On CSS I agree on the general point, but I think that's a longer term issue of better CSS support (PRP support for per-work CSS, maybe something like LESS and a hierarchy of CSS to cover cases in between MediaWiki:Common.css and inline styles, beyond just TemplateStyles. Definitely agree a MW extension to replace the current poem tag is needed for a real solution, but I don't think that's realistic in any reasonable timeframe so I'm focussing on stuff that can (hopefully) be made to work within the current limitations. The CSS stuff in {{sbs}} being one prong, and a Lua module a possible alternative approach.
Of course, I am not at all sure anything short of an extension will work: the parser and remex insert themselves so aggressively that they tend to sabotage any even moderately complex markup and styling. --Xover (talk) 13:38, 15 November 2020 (UTC)

Gadget in progress

Just a quick note for something to play with if you have some cycles to spare one day (no action required, just for interest).

It's a "re-imagining" of the popups gadget. Using a slightly different plug-in-like architecture, I hope it can be a bit more flexible that the enWP-centric popups gadget. To try it:

mw.loader.load("/w/index.php?title=User:Inductiveload/popups_reloaded.js&action=raw&ctype=text/javascript");
mw.loader.load("/w/index.php?title=User:Inductiveload/popups_reloaded.css&action=raw&ctype=text/css", 'text/css');

Probably will spew a few errors to console on occasion and the UX is a bit jarring sometimes, but it's already better than the old popups for my nefarious purposes IMO. Inductiveloadtalk/contribs 00:23, 21 November 2020 (UTC)

@Inductiveload: Neat! Upgrading or replacing Popups has been on my wishlist for a long time; with the two main issues being improved styling and better support for previewing PRP-backed pages. I probably won't have time to play with it any time soon, but when things improve I'd love to take it for a spin. --Xover (talk) 12:33, 22 November 2020 (UTC)

The History of the Bohemian persecution (1650)

Hello. May I ask you to convert File:The History of the Bohemian persecution (1650).pdf into djvu? There is absolutely no hurry, I have enough work to do :-) --Jan Kameníček (talk) 19:08, 21 November 2020 (UTC)

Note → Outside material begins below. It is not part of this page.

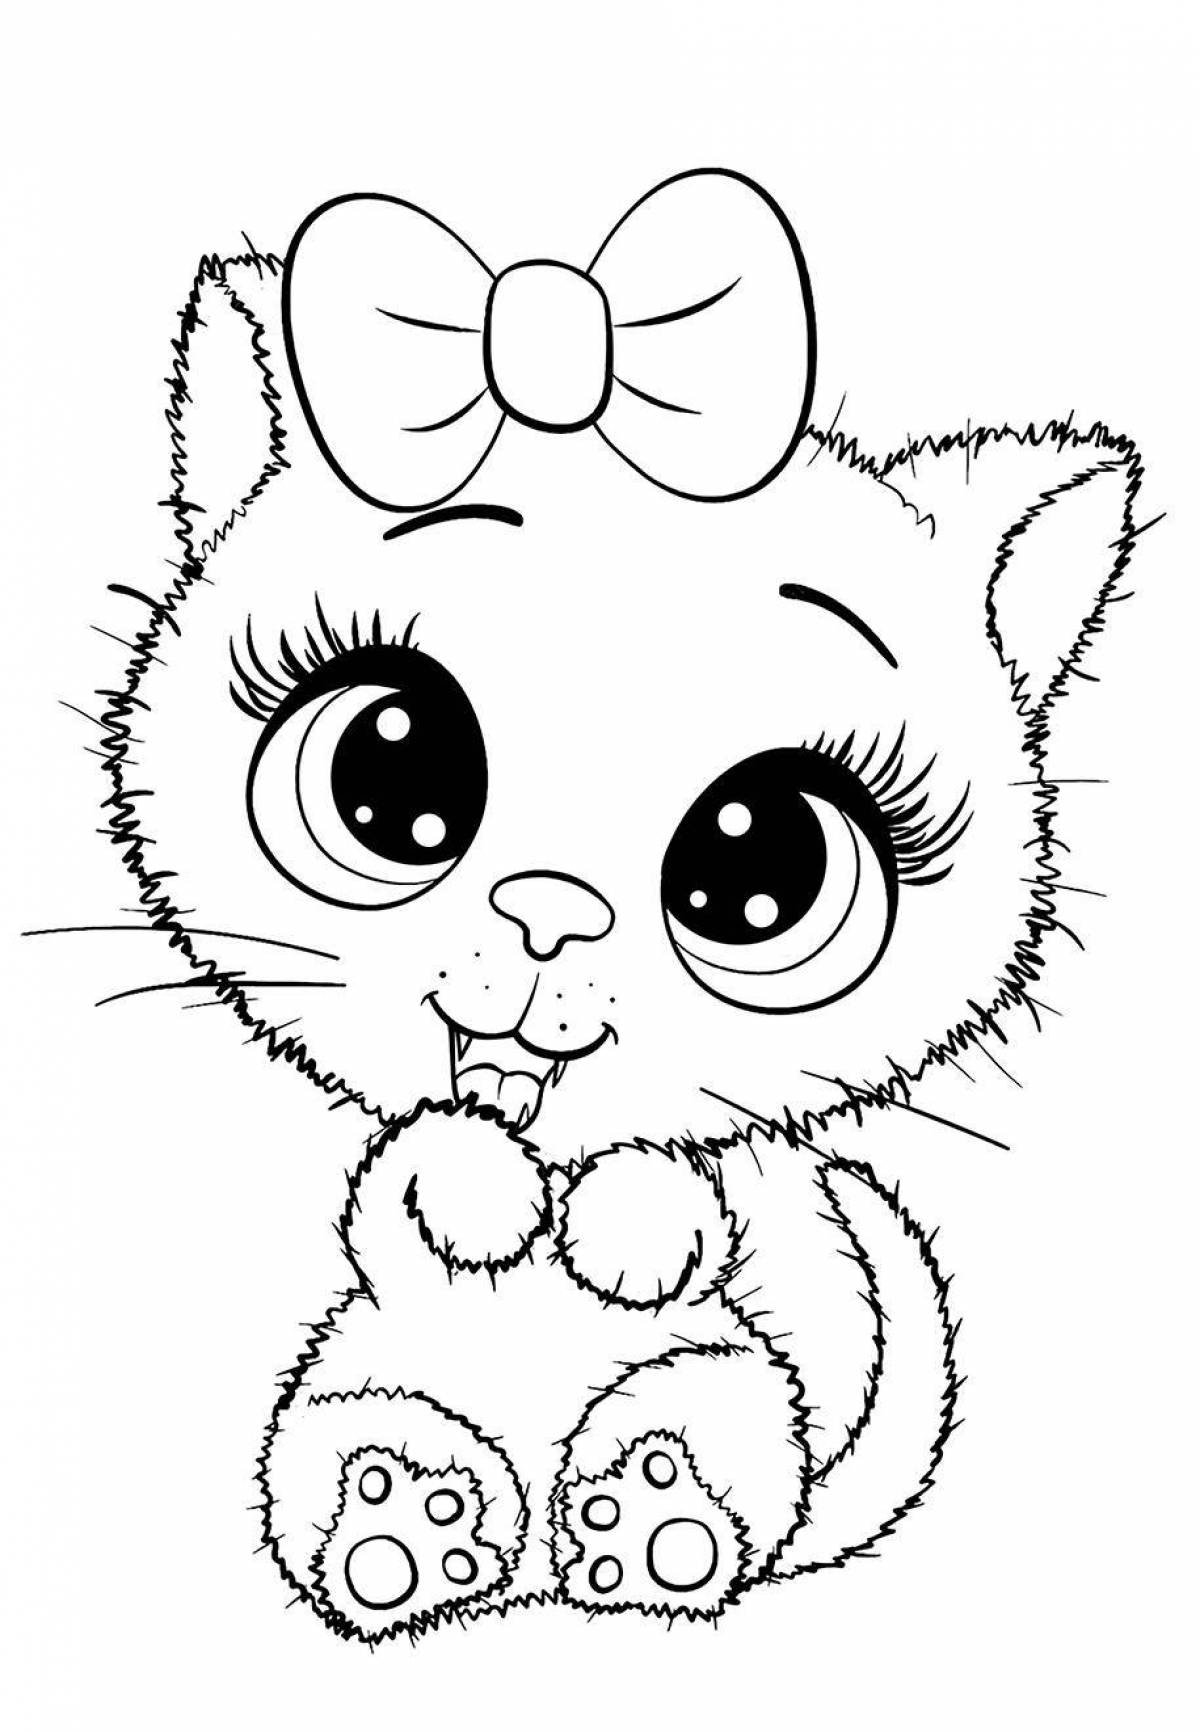 Amazing coloring pages for girls, cute fluffies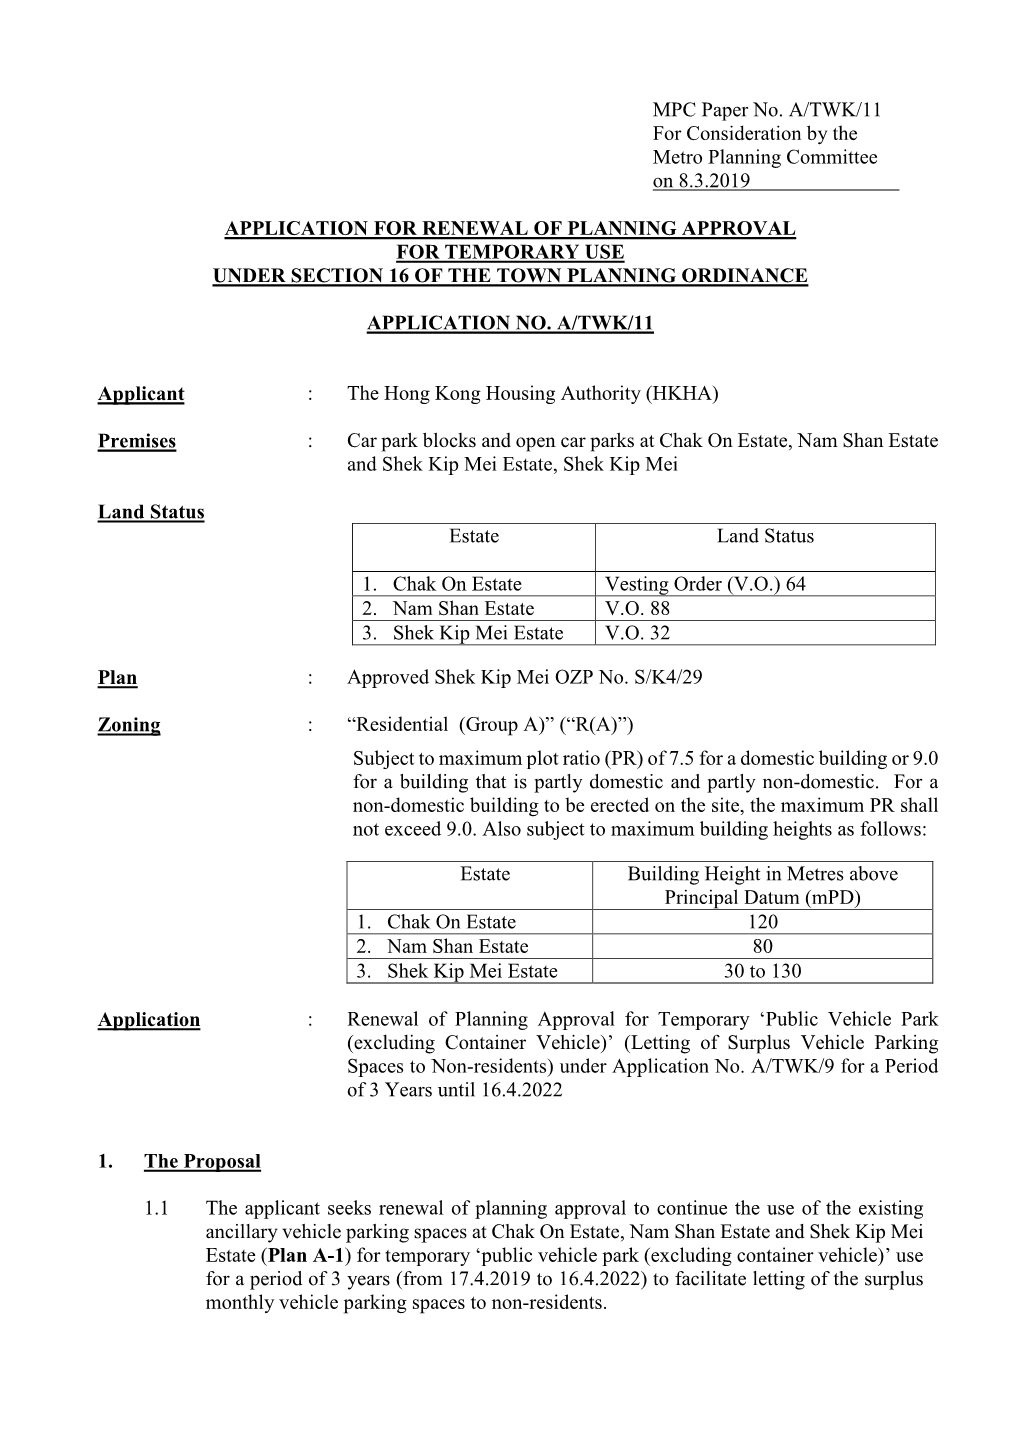 MPC Paper No. A/TWK/11 for Consideration by the Metro Planning Committee on 8.3.2019

@Jan.Kamenicek: File:The History of the Bohemian Persecution (1650).djvu. The OCR quality is… not great. You may want to try the Google OCR gadget to see if it does better on the worst pages. But at least the image resolution is ~2x the PDF version. Let me know if there are any out of order pages or other such issues that needs fixing. --Xover (talk) 00:49, 22 November 2020 (UTC)
Thanks very much! I expected the OCR layer would be bad, so it did not surprise me. However, comparing e. g. [3] with [4] I can see that in the PDF version the OCR recognizes long ſ, while in the DJVU version it replaces it for f which did surprise me. I am mentioning it just as a curiousity, it is not a problem at all, as it needs to be replace for "s" anyway and maybe the whole OCR needs to be replaced e.g. using the Google gadget (which seems sliiiiggghtly better ). Thanks again. --Jan Kameníček (talk) 09:29, 22 November 2020 (UTC)
@Jan.Kamenicek: Tesseract (the OCR engine I use) does not recognise long s, so these will never have that right. It's trained on more modern texts so pre-18th century texts will be pretty hit and miss. Sorry. --Xover (talk) 12:29, 22 November 2020 (UTC)
I see, I did not know that you exchanged the OCR layer. I noticed that it was better than in the PDF (except the long s), but I thought that it was due to better OCR extraction from djvu than from pdf by Mediawiki. So I thank you for this too. --Jan Kameníček (talk) 13:10, 22 November 2020 (UTC)

ES6 in JS that may end up in a gadget

Heads up: if you use ES6 syntax (let, fat arrow, etc. etc.) in scripts, it will choke if you try to make it a gadget and you'll spend ages unpicking your shiny new hotness and replacing it with old and busted. Inductiveloadtalk/contribs 12:12, 1 December 2020 (UTC)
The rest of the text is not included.